> **Data**:

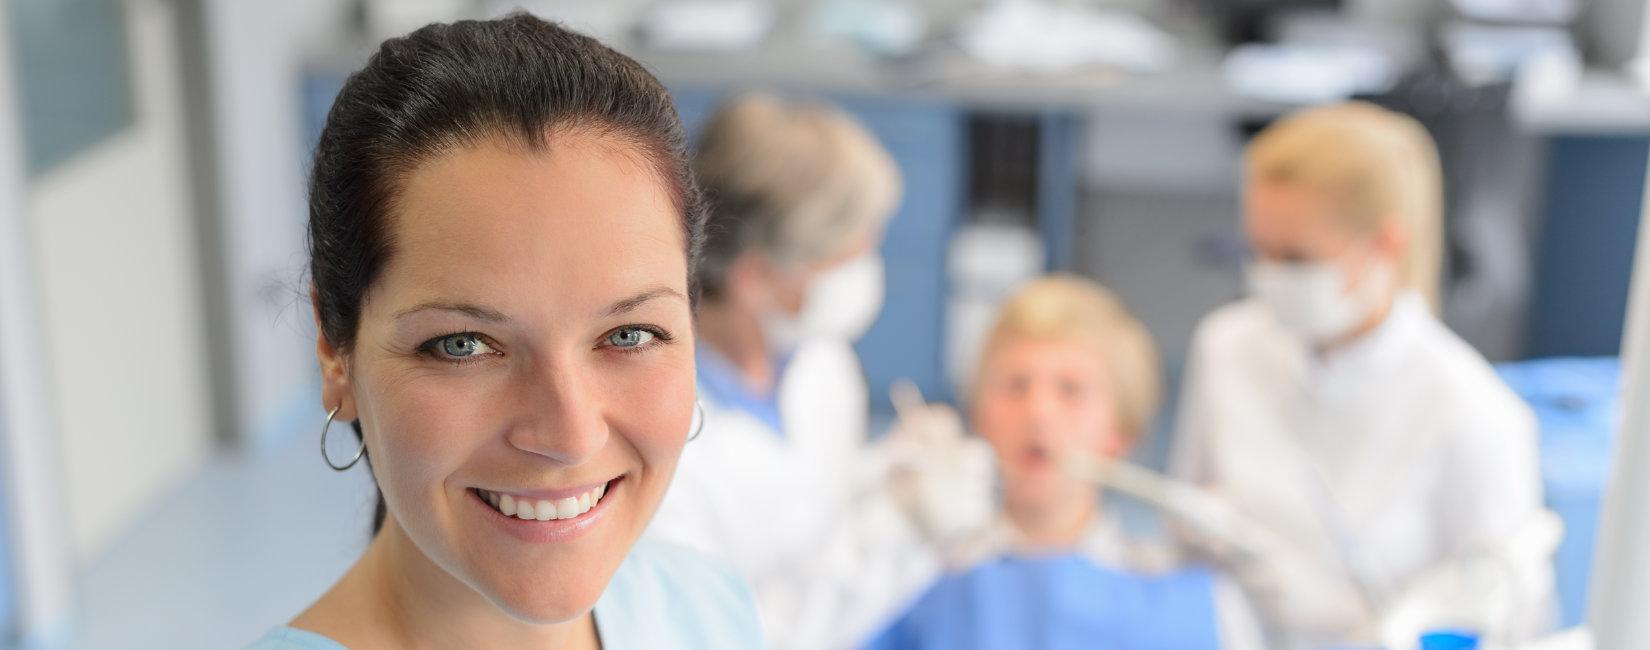 Basic life support training ideal for dentists, dental nurses & hygienists
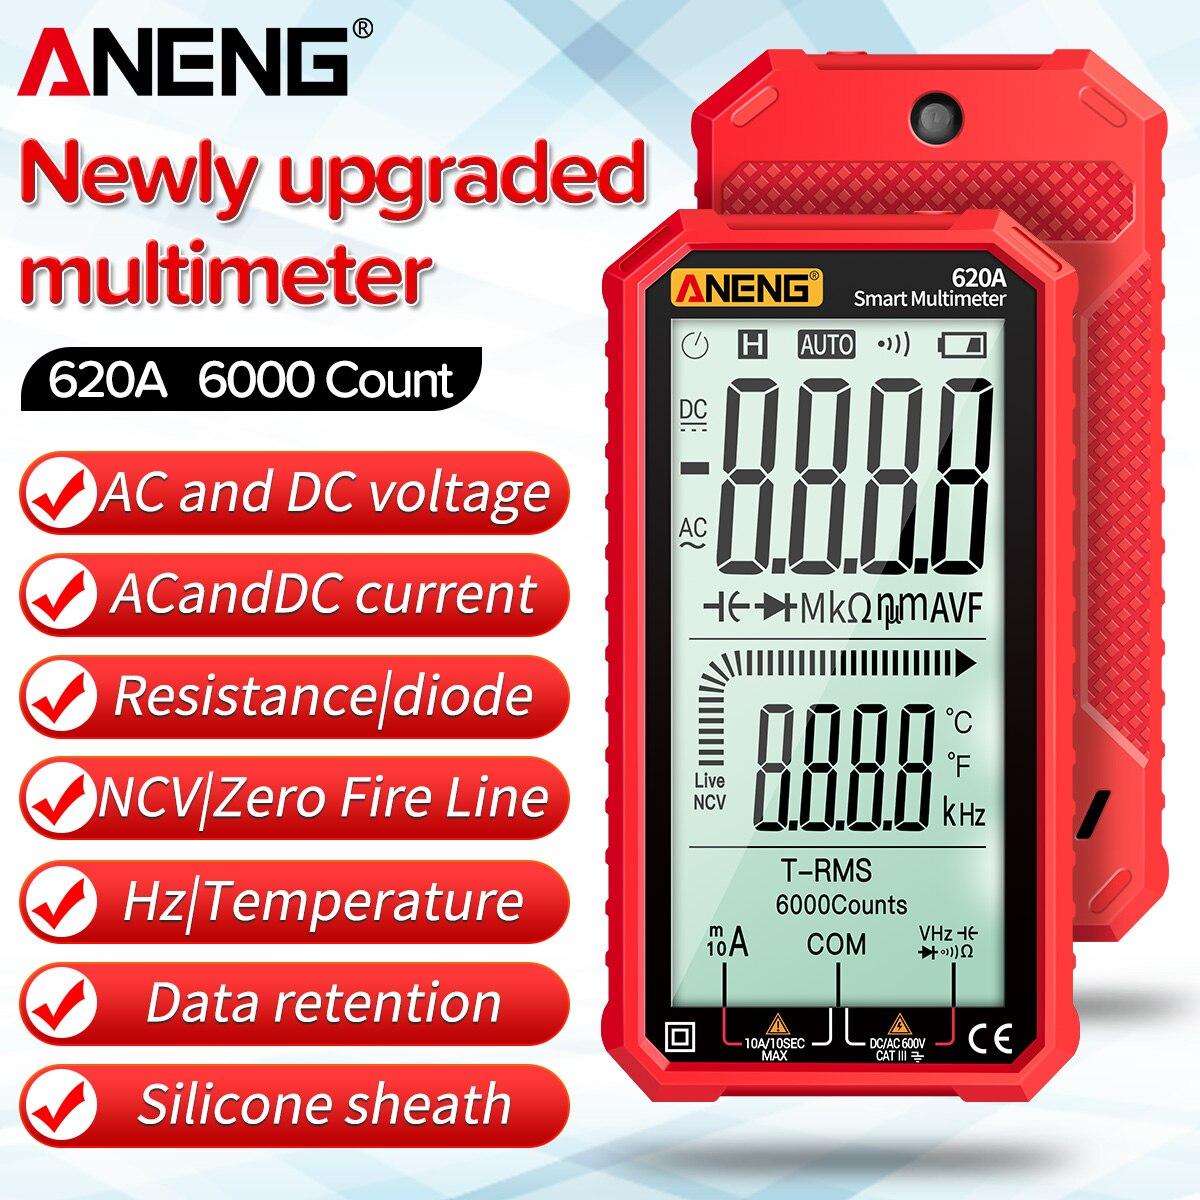 ANENG 4.7 بوصة شاشة الكريستال السائل التيار المتناوب/تيار مستمر الرقمية المتعدد Ultraportable True-RMS المتعدد السيارات متعددة اختبار
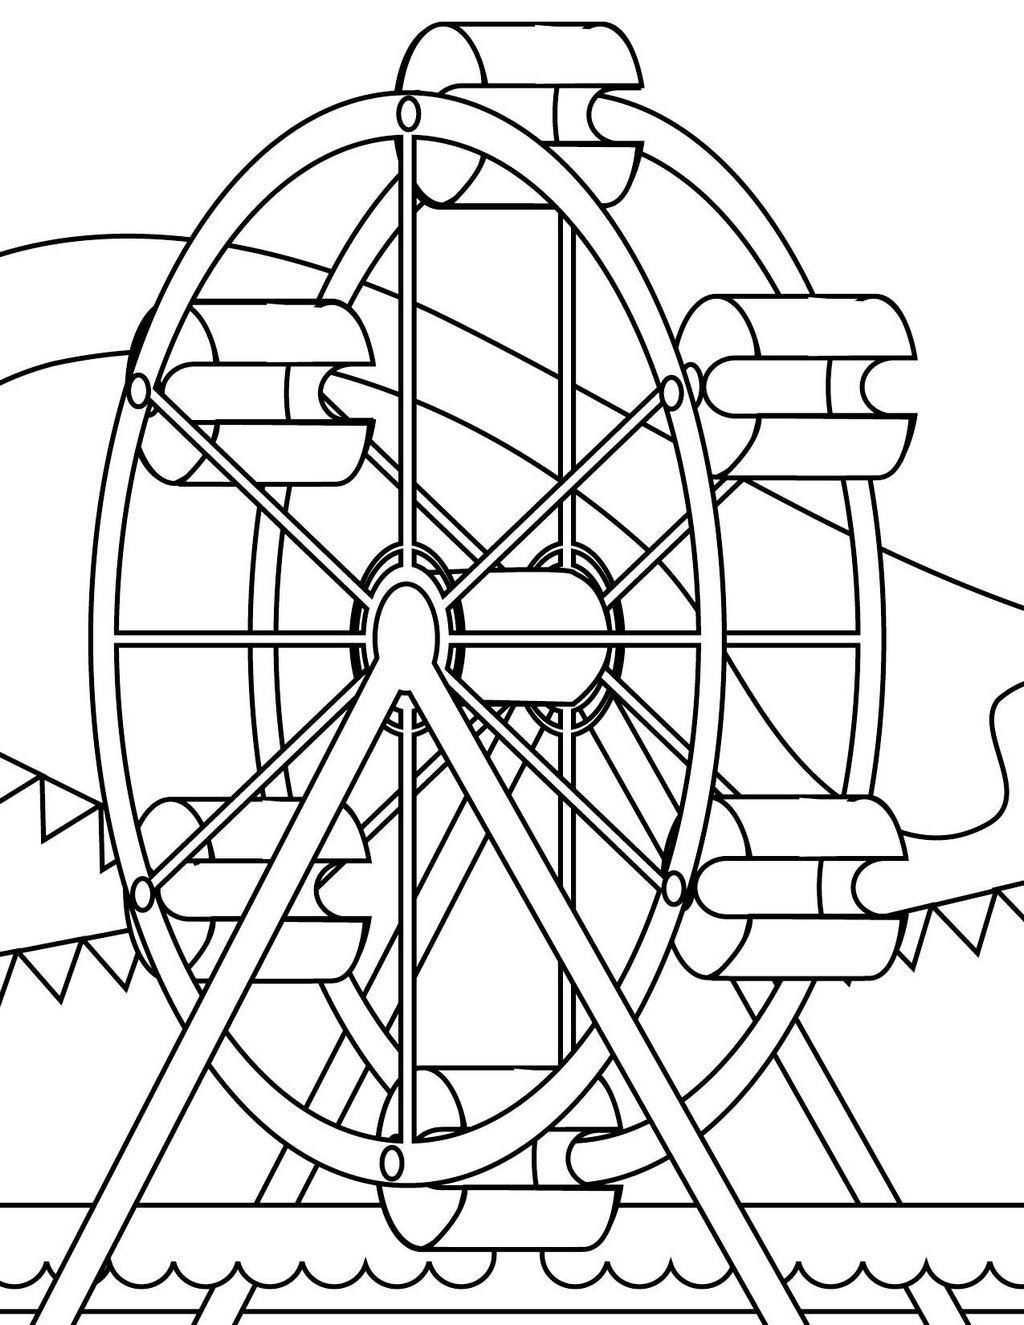 fun ferris wheel coloring sheet for kids
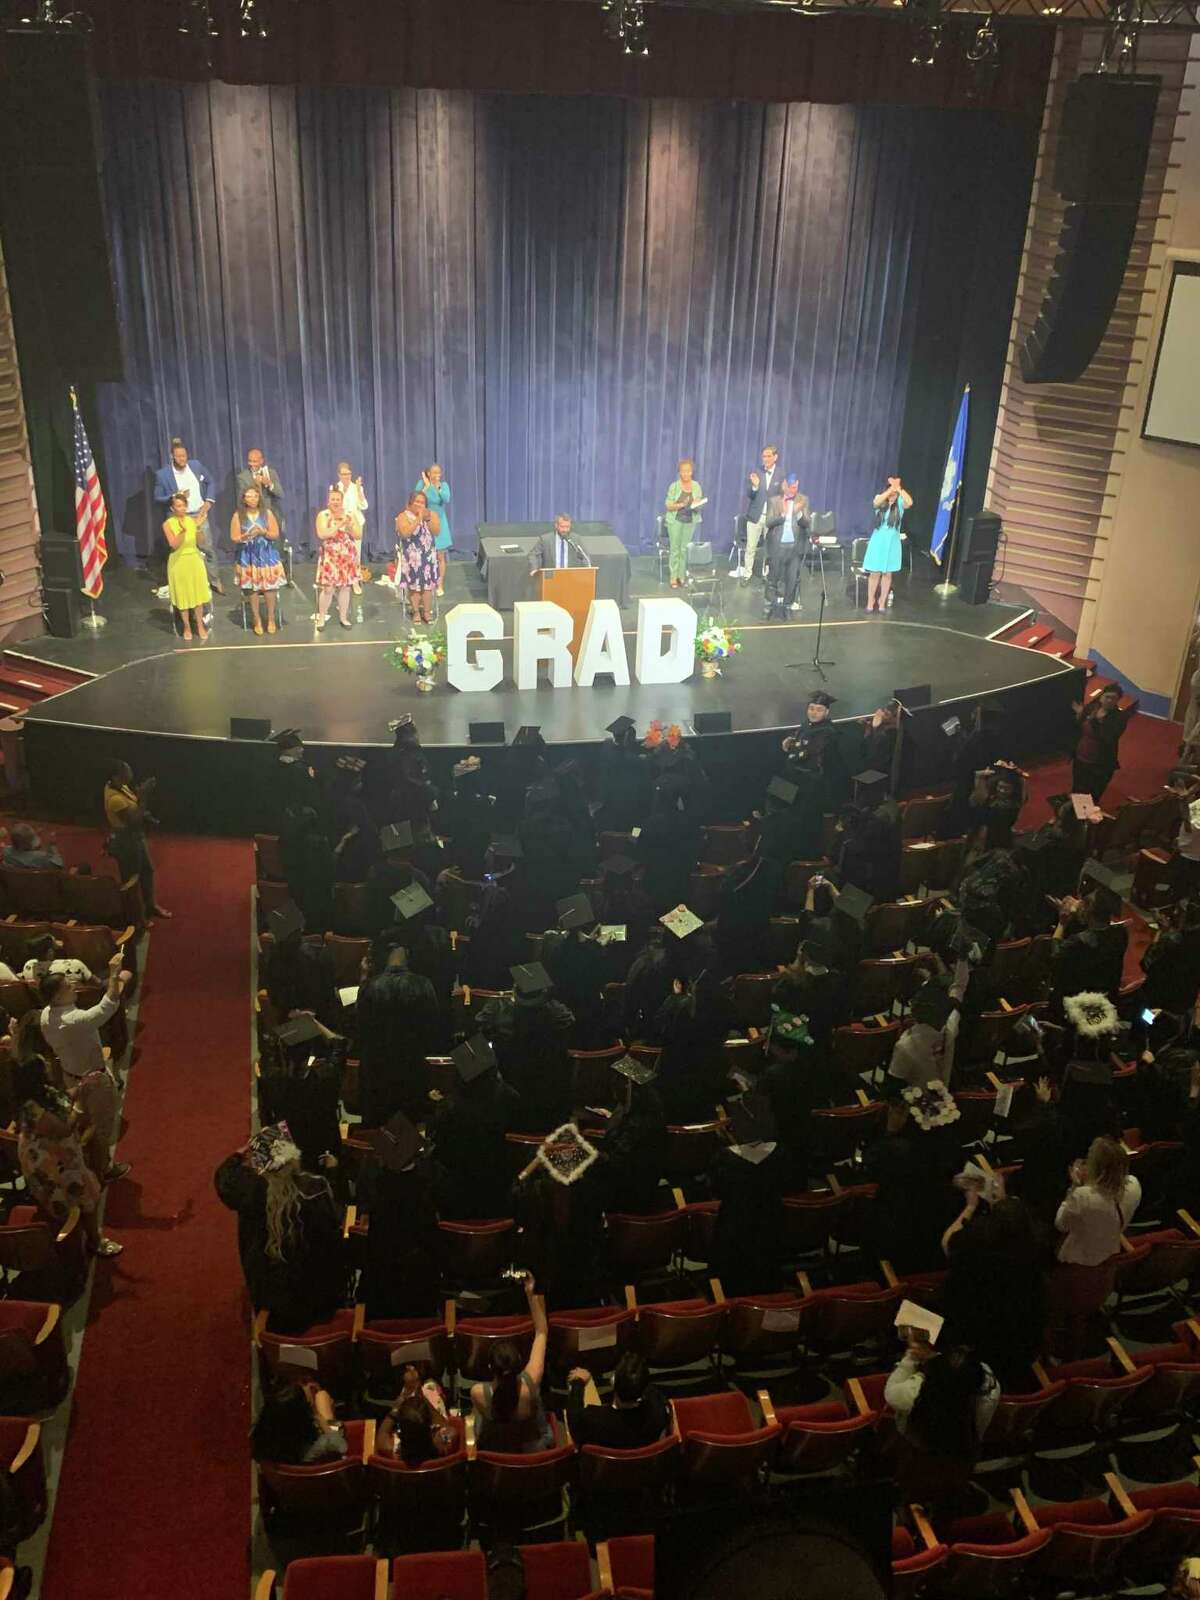 Great Oaks Charter School Bridgeport's first senior class celebrated the school's first graduation this week.

> **Work order**: Once the pictures are set aside, retype the rest of the listing exactly.

> **The answer**:
 Basic life support training ideal for dentists, dental nurses & hygienists
 ANENG 4.7 بوصة شاشة الكريستال السائل التيار المتناوب/تيار مستمر الرقمية المتعدد Ultraportable True-RMS المتعدد السيارات متعددة اختبار
 fun ferris wheel coloring sheet for kids
 Great Oaks Charter School Bridgeport's first senior class celebrated the school's first graduation this week.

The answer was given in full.